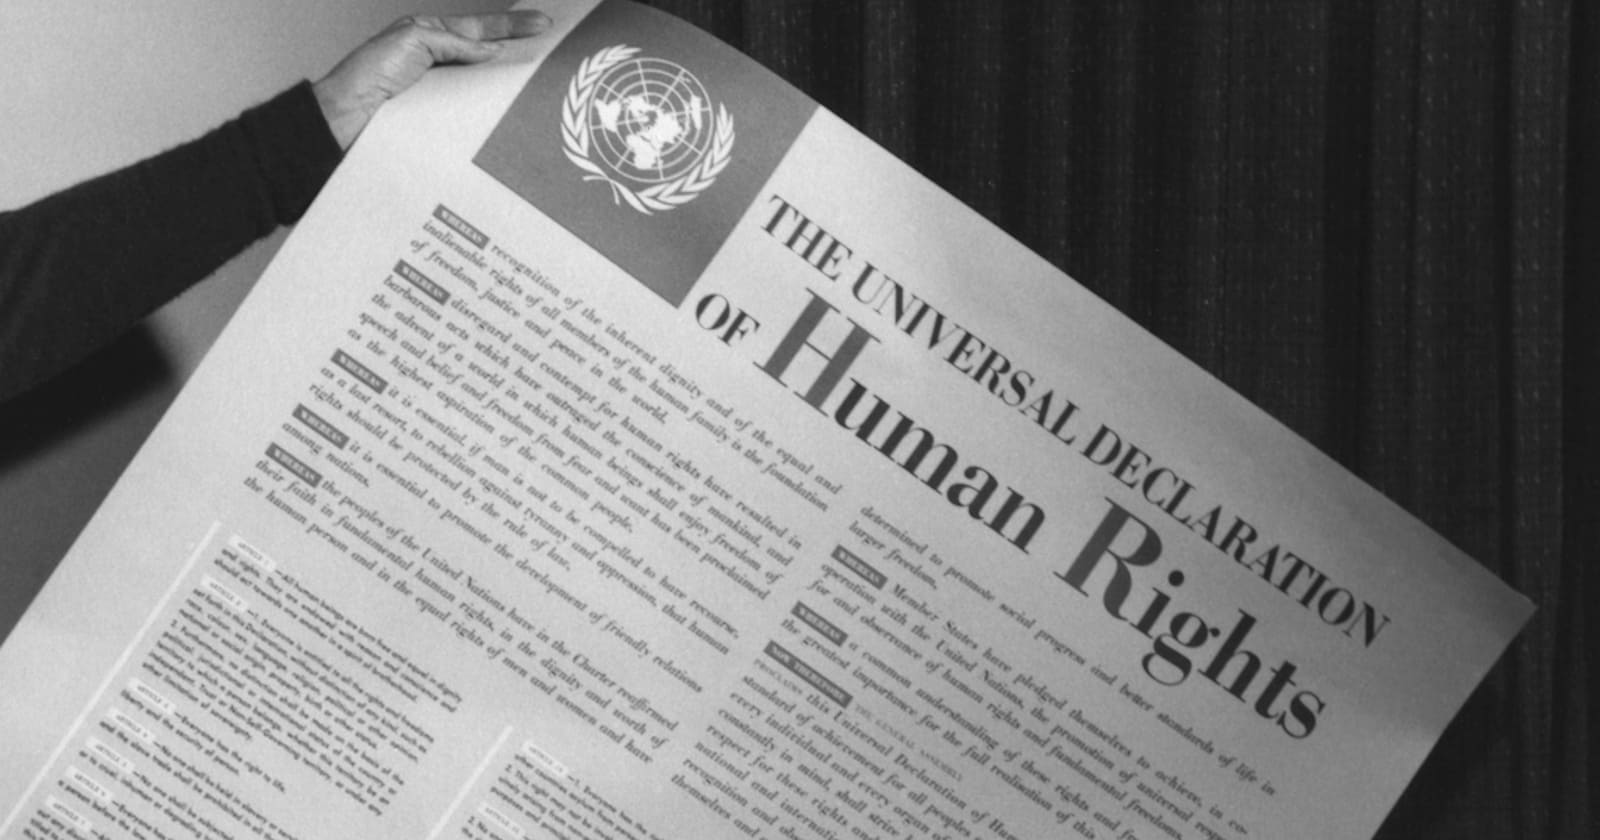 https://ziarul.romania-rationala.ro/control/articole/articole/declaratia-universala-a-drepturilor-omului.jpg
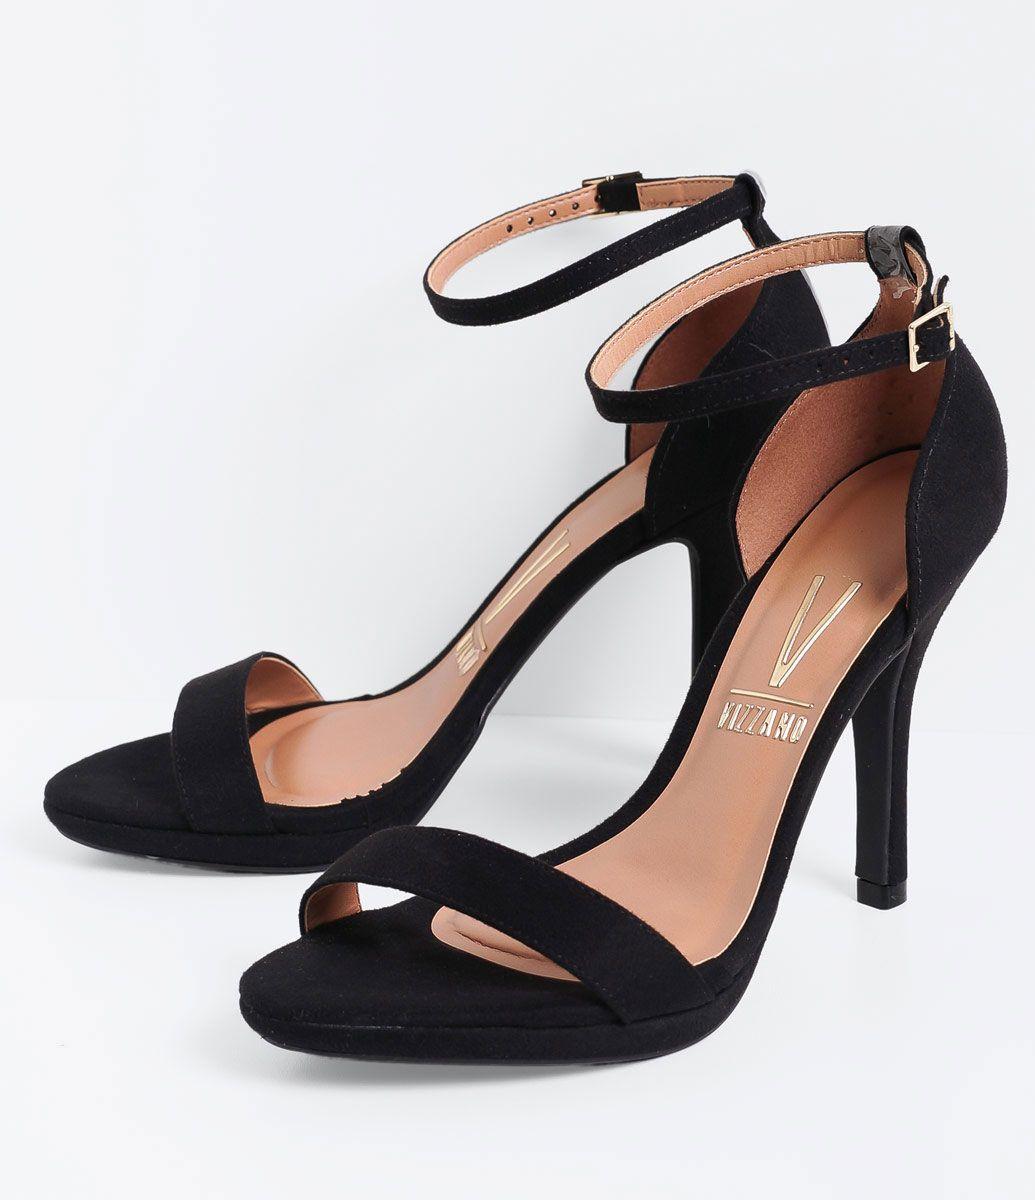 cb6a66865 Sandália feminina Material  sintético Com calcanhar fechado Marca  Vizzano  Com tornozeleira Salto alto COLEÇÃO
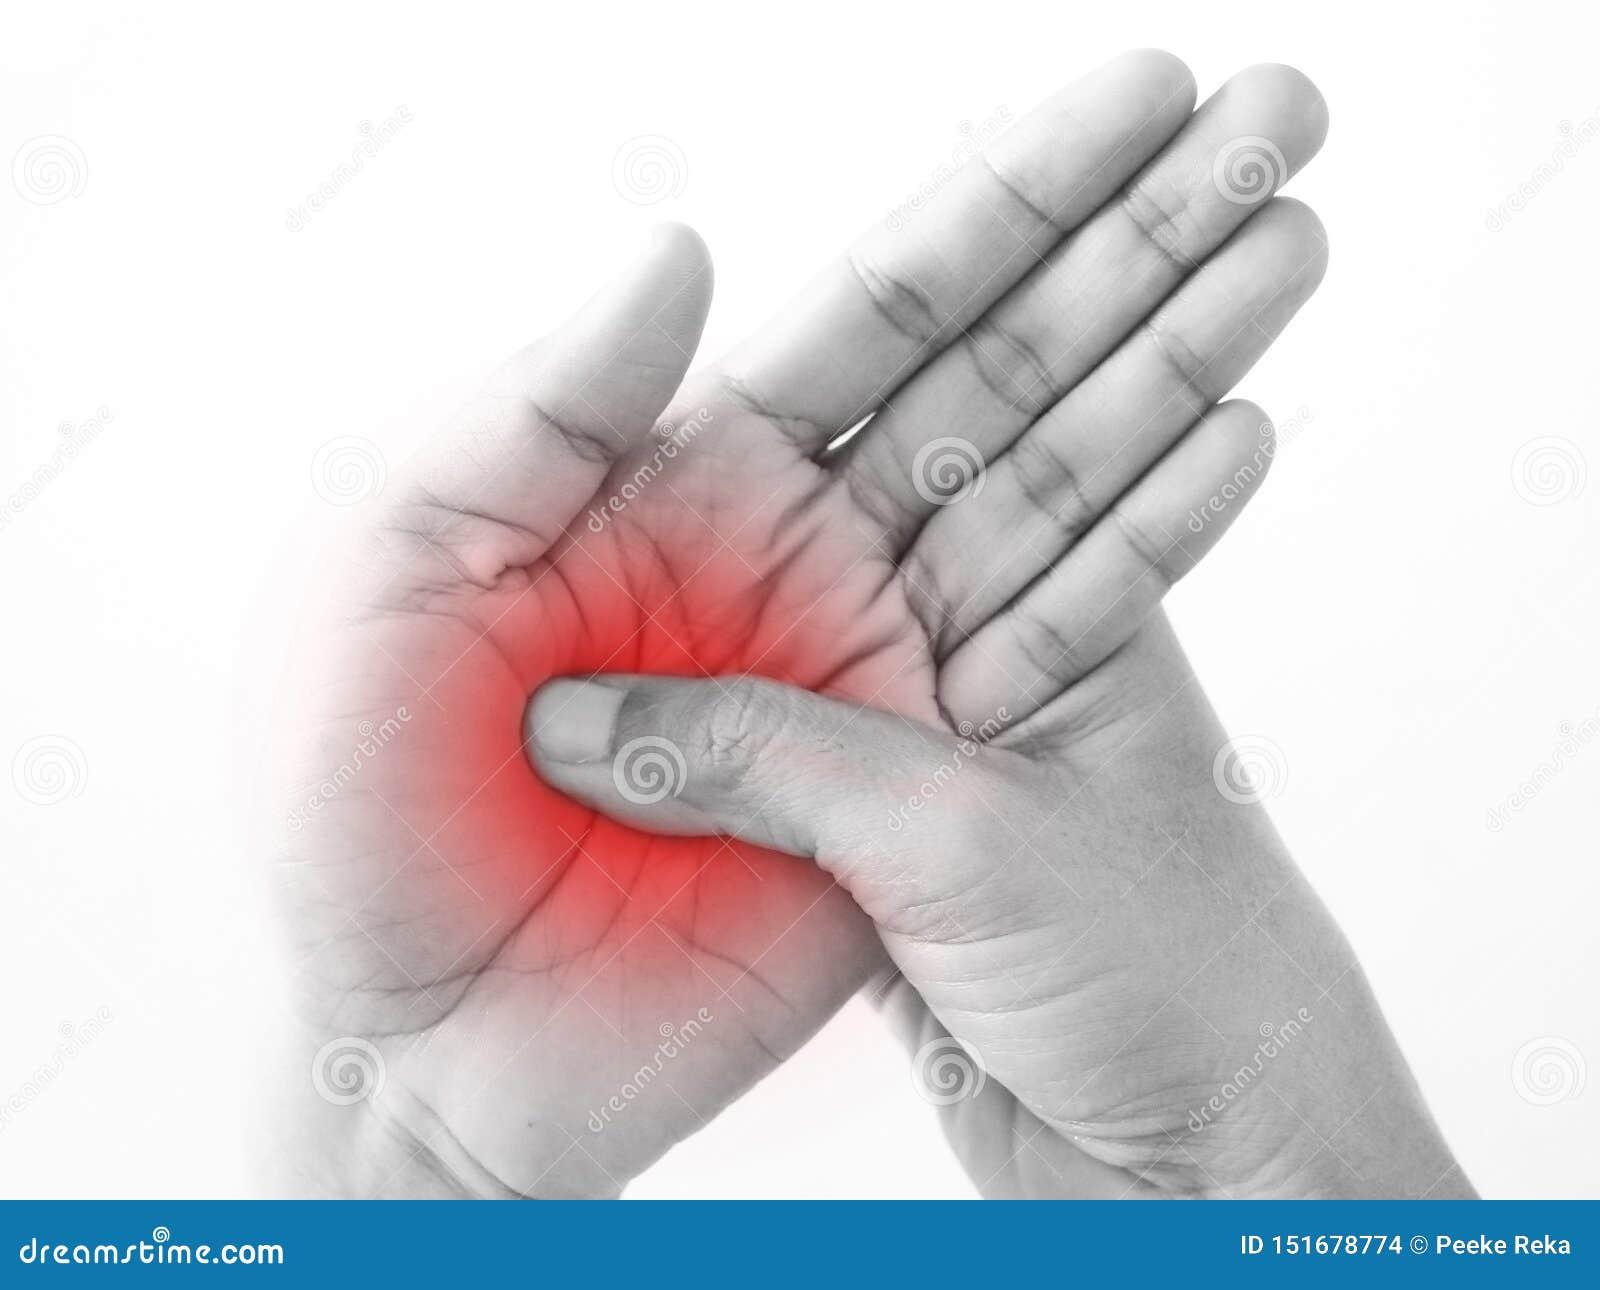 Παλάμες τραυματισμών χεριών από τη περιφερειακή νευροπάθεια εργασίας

--------------------

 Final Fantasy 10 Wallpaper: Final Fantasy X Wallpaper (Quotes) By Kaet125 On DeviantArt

--------------------

▶ **What this task involves**
Would you give again, exactly, the lines in the data above that run from the line containing "cb6a66865 Sandália feminina" to the line containing "Παλάμες τραυματισμών χεριών"? Include both ends and no pictures.

▶ **Finished exercise**
 cb6a66865 Sandália feminina Material  sintético Com calcanhar fechado Marca  Vizzano  Com tornozeleira Salto alto COLEÇÃO
 Παλάμες τραυματισμών χεριών από τη περιφερειακή νευροπάθεια εργασίας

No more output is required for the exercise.